In the present case, the Voluntary Arbitrator ruled that the death of Mr.
Dumogho was shown by preponderant evidence. The Voluntary Arbitrator relied
on the narration by the Ship’s Master, Capt. Filip Florin, and on the Preliminary
Advice Report of the Marine Surveyor, Capt. Guillermo Bottari in arriving at
such conclusion. However, two essential circumstances included in these reports
were overlooked. First, the life buoy thrown to save Mr. Dumogho was never
retrieved, giving rise to the possibility that he was in fact saved. Second, the
Preliminary Advice Report explicitly stated that Mr.

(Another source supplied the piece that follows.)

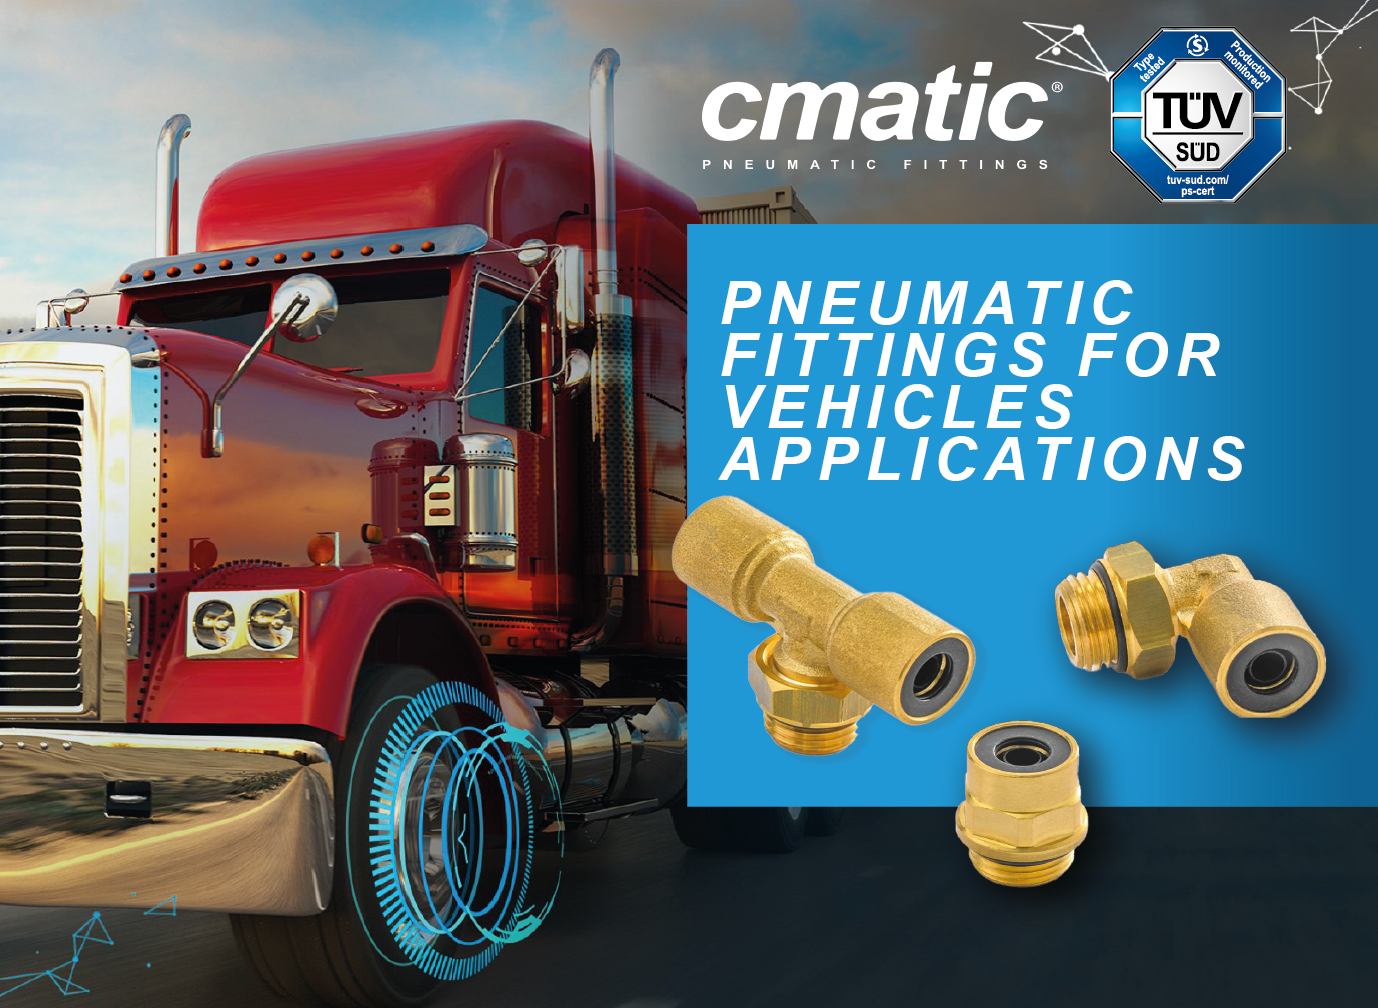 Air Braking Systems and pneumatic systems for heavy duty vehicles

Dumogho was just
“missing.” When these two circumstances concur, a reasonable mind cannot not
discredit the possibility that Mr. Dumogho may in fact be alive. The moral
certainty that Mr. Dumogho died at the time he fell overboard ceased to exist. At
most, the narration by Capt. Florin only established the identity of Mr. Domogho
as the one who fell overboard the vessel, as well as the actions of the ship’s crew
when they found out that someone was in the open waters.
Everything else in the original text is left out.